When a class is imported from across the network it is placed into the private name space associated with its origin. When a class references another class, it is first looked for in the name space for the local system (built-in classes), then in the name space of the referencing class. There is no way that an imported class can "spoof" a built-in class. Built-in classes can never accidentally reference classes in imported name spaces--they can only reference such classes explicitly. Similarly, classes imported from different places are separated from each other.

6.3 The Byte Code Verification Process

What about the concept of a "hostile compiler"? Although the Java compiler ensures that Java source code doesn't violate the safety rules, when an application such as the HotJava Browser imports a code fragment from anywhere, it doesn't actually know if code fragments follow Java language rules for safety: the code may not have been produced by a known-to-be trustworthy Java compiler. In such a case, how is the Java run-time system on your machine to trust the incoming bytecode stream? The answer is simple: the Java run-time system doesn't trust the incoming code, but subjects it to bytecode verification.

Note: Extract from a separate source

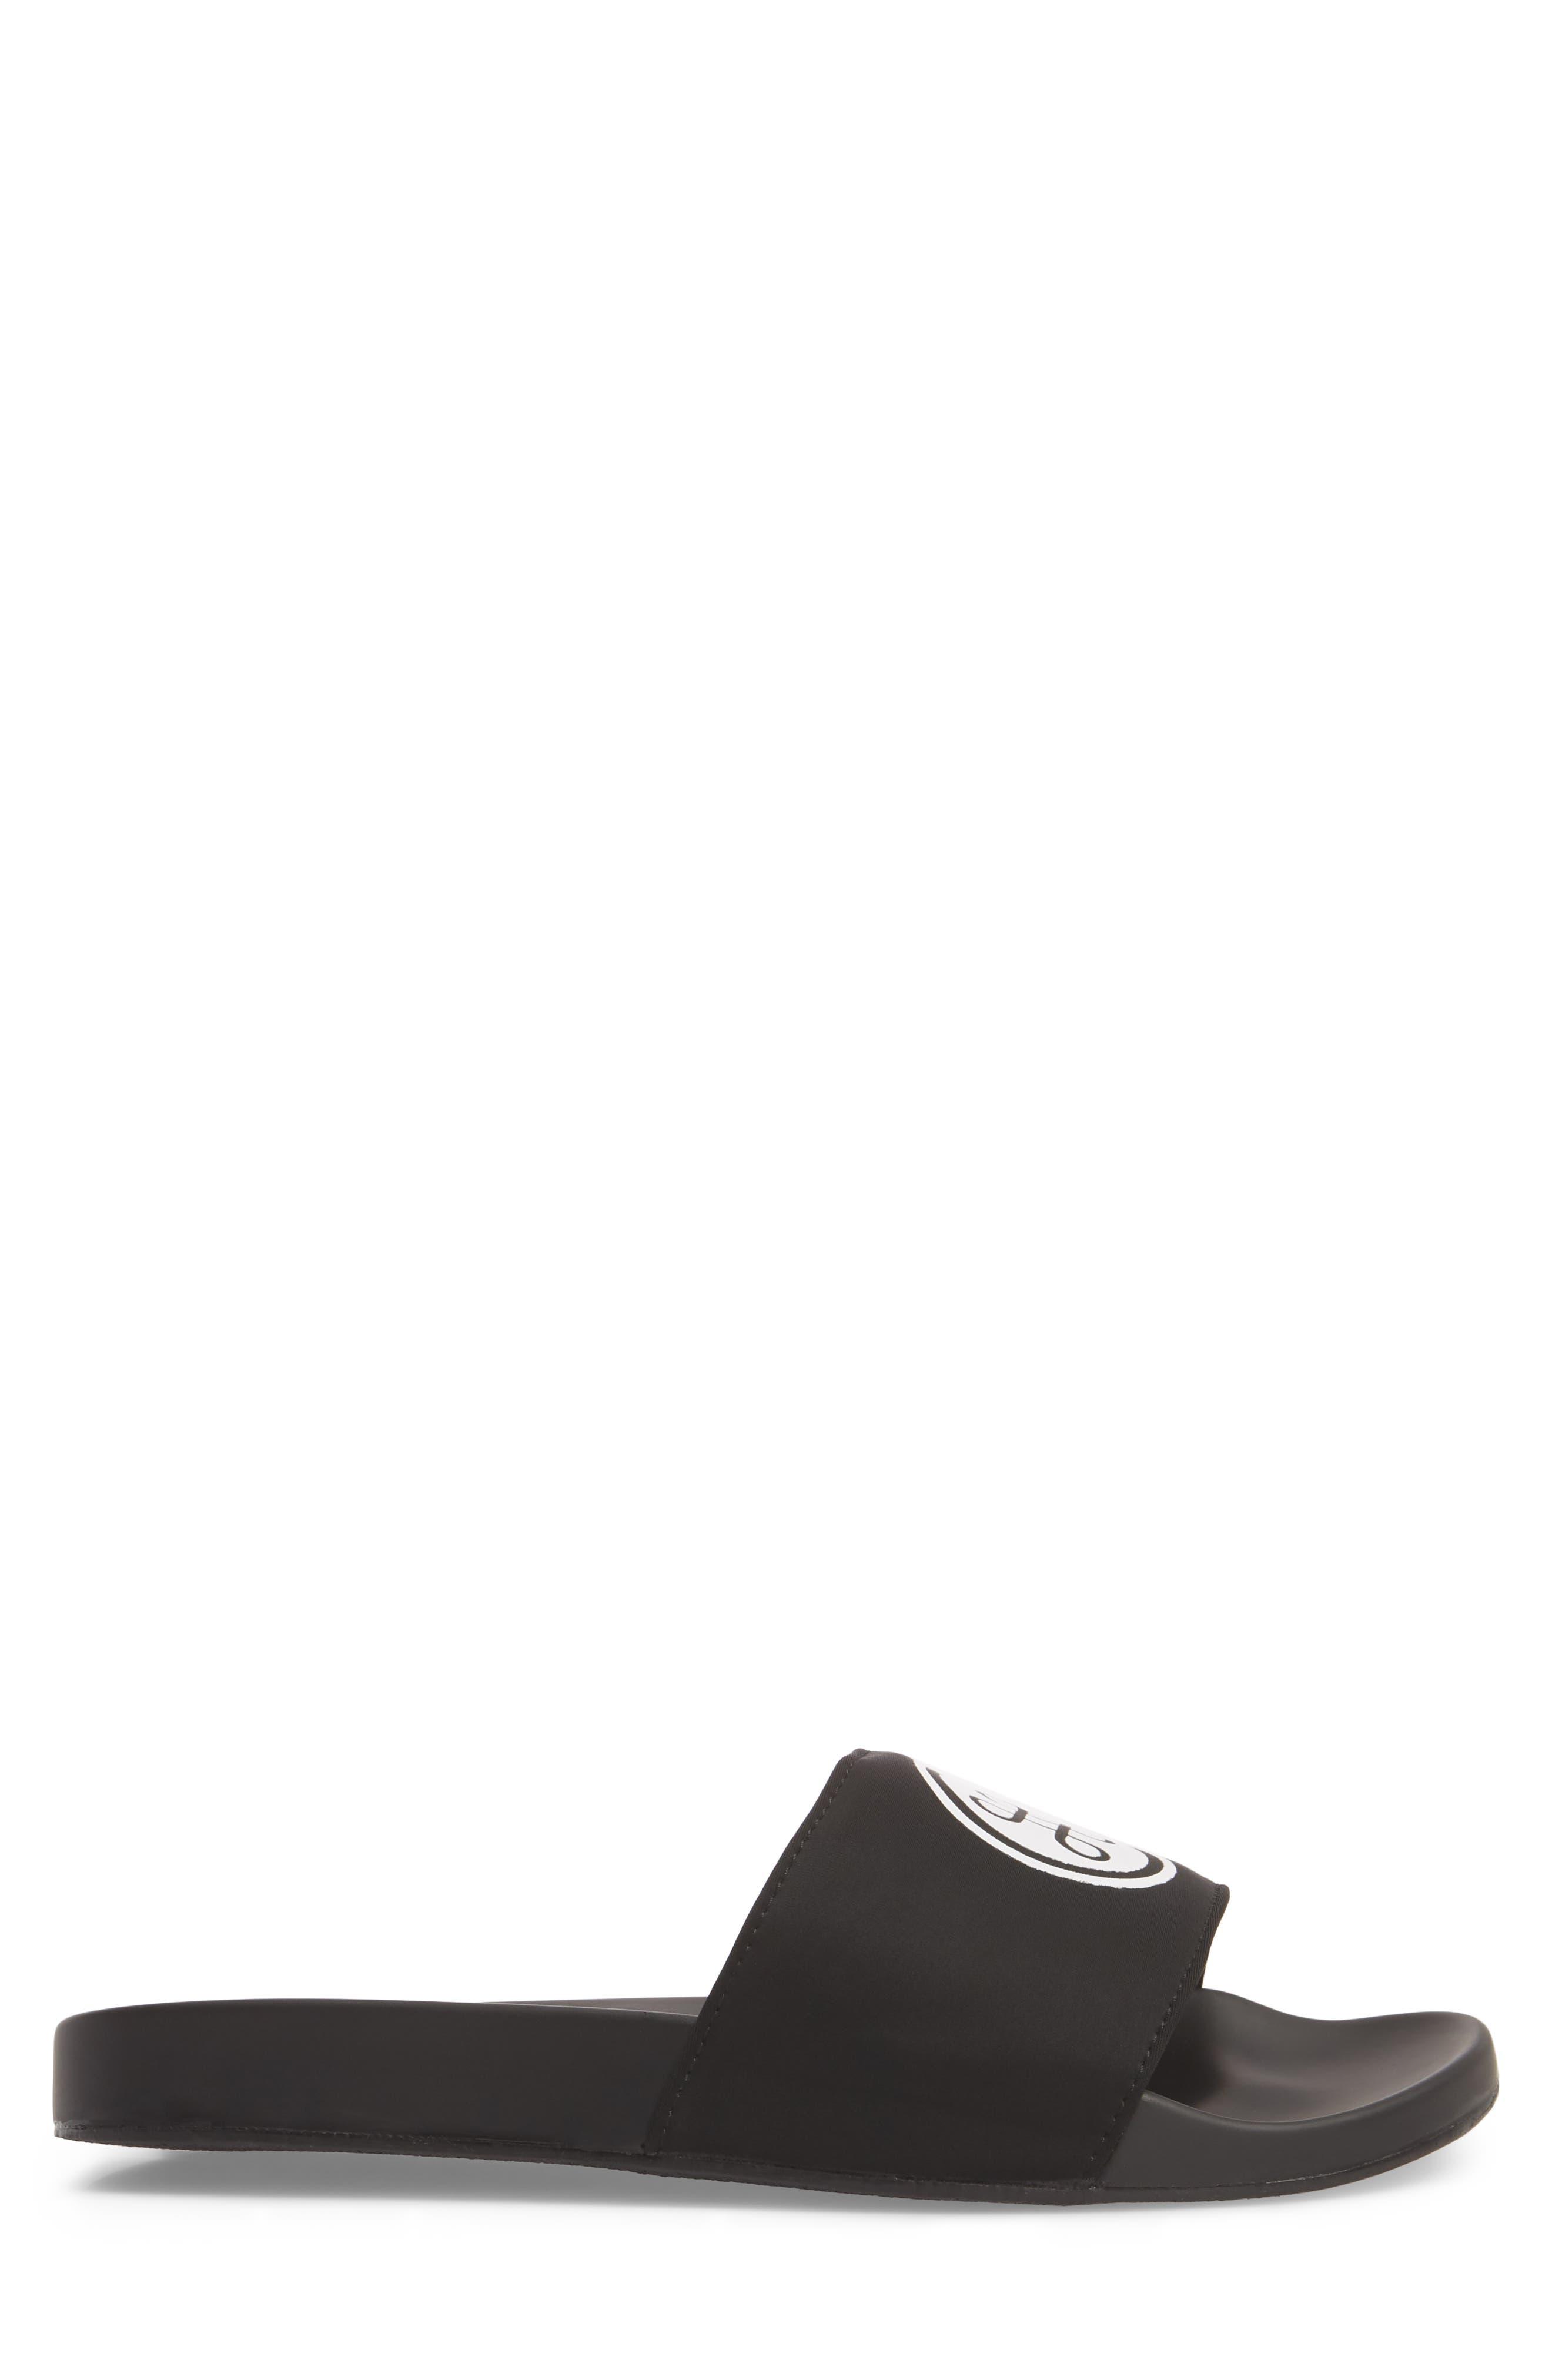 HB Logo Sport Slide,                             Alternate thumbnail 3, color,                             Black Neoprene Fabric

The tests range from simple verification that the format of a code fragment is correct, to passing each code fragment through a simple theorem prover to establish that it plays by the rules:

it doesn't forge pointers,
it doesn't violate access restrictions,
it accesses objects as what they are (for example, InputStream objects are always used as InputStreams and never as anything else).

A language that is safe, plus run-time verification of generated code, establishes a base set of guarantees that interfaces cannot be violated.

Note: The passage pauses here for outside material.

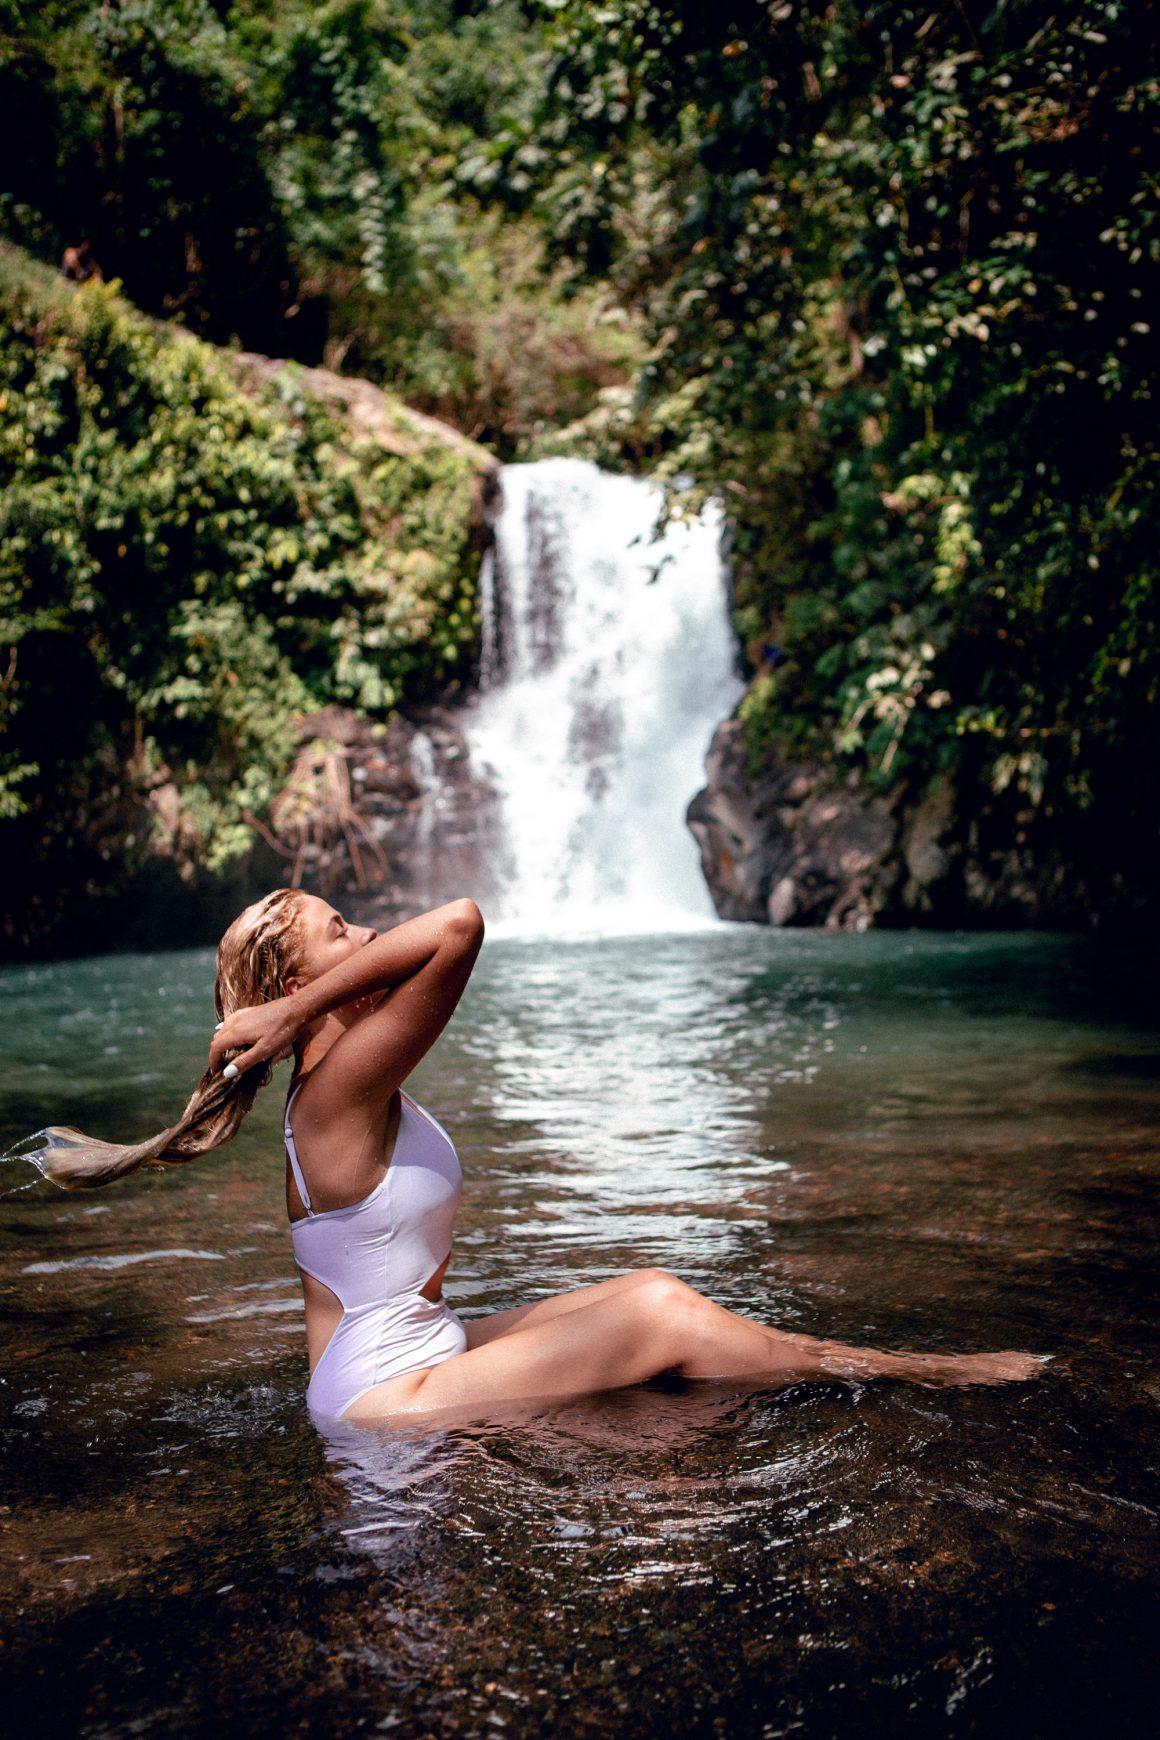 Baignade dans une piscine naturelle

6.3.1 The Byte Code Verifier

The bytecode verifier traverses the bytecodes, constructs the type state information, and verifies the types of the parameters to all the bytecode instructions.

Byte Code Verifier

The illustration shows the flow of data and control from Java language source code through the Java compiler, to the class loader and bytecode verifier and hence on to the Java virtual machine, which contains the interpreter and runtime system. The important issue is that the Java class loader and the bytecode verifier make no assumptions about the primary source of the bytecode stream--the code may have come from the local system, or it may have travelled halfway around the planet. The bytecode verifier acts as a sort of gatekeeper: it ensures that code passed to the Java interpreter is in a fit state to be executed and can run without fear of breaking the Java interpreter. Imported code is not allowed to execute by any means until after it has passed the verifier's tests. Once the verifier is done, a number of important properties are known:

There are no operand stack overflows or underflows
The types of the parameters of all bytecode instructions are known to always be correct
Object field accesses are known to be legal--private, public, or protected

While all this checking appears excruciatingly detailed, by the time the bytecode verifier has done its work, the Java interpreter can proceed, knowing that the code will run securely. Knowing these properties makes the Java interpreter much faster, because it doesn't have to check anything. There are no operand type checks and no stack overflow checks. The interpreter can thus function at full speed without compromising reliability.

6.4 Security in the Java Networking Package

Java's networking package provides the interfaces to handle the various network protocols (FTP, HTTP, Telnet, and so on). This is your front line of defense at the network interface level. The networking package can be set up with configurable levels of paranoia. You can

Disallow all network accesses
Allow network accesses to only the hosts from which the code was imported
Allow network accesses only outside the firewall if the code came from outside
Allow all network accesses

6.5 Summary

Java is secure to survive in the network-based environment. The architecture-neutral and portable aspects of the Java language make it the ideal development language to meet the challenges of distributing dynamically extensible software across networks.